Disclaimer: This article is for educational and informational purposes only. It does not constitute financial or investment advice. Trading forex and CFDs carries significant risk of loss. Past performance of any strategy — including backtests — does not guarantee future results. Never trade with money you cannot afford to lose.
What Is This Strategy?
Displacement Surge Runner is a pure price-action momentum-continuation strategy that uses no traditional indicators at all — no moving averages, no RSI, no ATR. Its single "indicator" is the candle itself: the strategy reads raw open, high, low, and close (OHLC) data to detect a displacement candle, a bar whose real body is dramatically larger than the recent average and that closes near its own extreme. In price-action trading, a displacement candle is widely interpreted as a footprint of strong directional conviction — the kind of decisive push that often comes from institutional order flow rather than ordinary market noise.
The strategy is designed for trending or impulsive market conditions, where momentum tends to arrive in waves: a strong push, a brief pause, and then a second push in the same direction. Rather than chasing the first surge — which can be a trap — Displacement Surge Runner waits patiently. It arms a setup after spotting the displacement bar, then looks for a shallow pullback followed by a clear continuation before committing to a trade. This "push, pause, push again" logic is what gives the strategy its name.

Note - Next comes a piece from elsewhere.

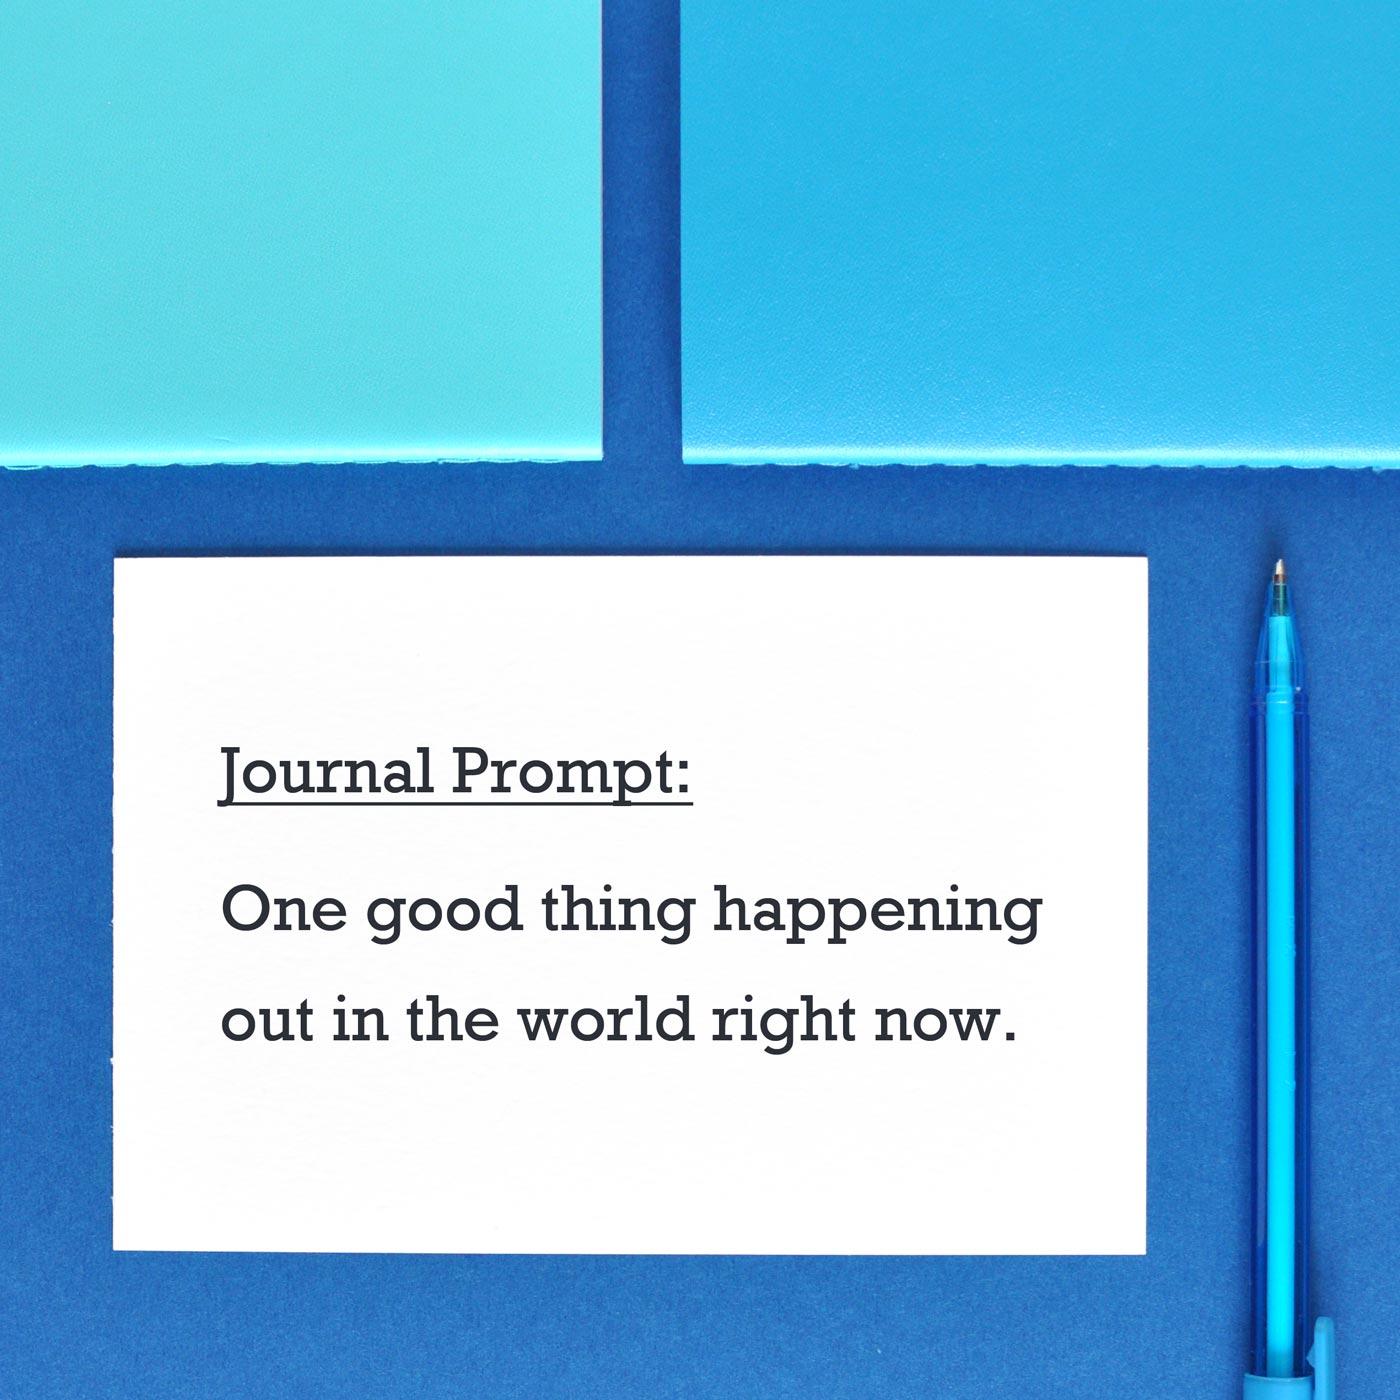 07-03-2018---Journal-prompt-by-Christie-Zimmer.jpg

As a learning tool, this strategy suits traders who want to understand market structure and momentum without relying on lagging indicators. Because every decision is derived from candle geometry, studying it can sharpen your eye for reading raw price behavior. It is framed here as a strategy analysis for educational study, not as a profit opportunity.
How It Works
The strategy operates on fully-closed bars only — it evaluates the most recently completed candle once per new bar, never acting on the still-forming candle. The logic moves through three stages: arming, watching the pullback, and entering on continuation.

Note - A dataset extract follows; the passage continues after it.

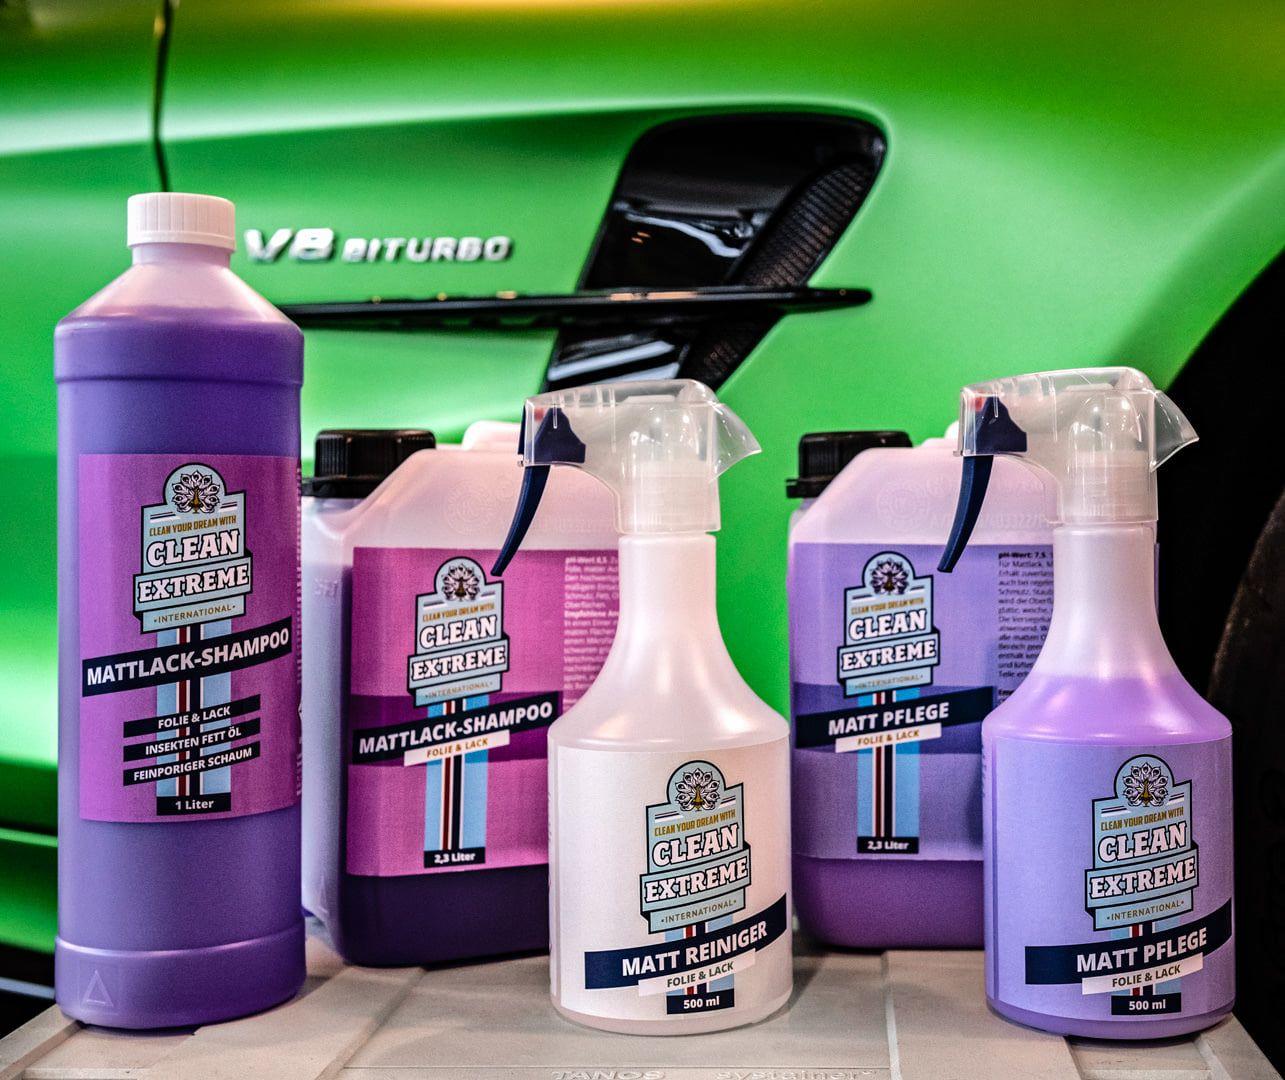 Cleanextreme Autopflege Online Shop Cleanextreme Autopflege Online Shop Fahrzeugpflege Pflege Lackpflege

Arming a setup (detecting displacement):
- The strategy signals a potential setup when the just-closed candle's body is at least
BodyExpansiontimes larger than the average body of the precedingAvgBodyPeriodcandles. This identifies a sudden expansion in momentum. - The candle must also show conviction: its close must sit near the extreme it pushed toward. For a bullish bar, the close-to-low distance must be at least
CloseStrengthof the total range; for a bearish bar, the high-to-close distance must clear the same threshold. A big body with a long wick is rejected. - A qualifying bullish candle arms a long setup; a qualifying bearish candle arms a short setup. The strategy records the displacement bar's high, low, and midpoint as reference levels.
Watching the pullback:
- Once armed, the strategy watches subsequent candles for a shallow pullback that respects the displacement. For a long, price must hold above the displacement candle's midpoint; for a short, it must stay below the midpoint.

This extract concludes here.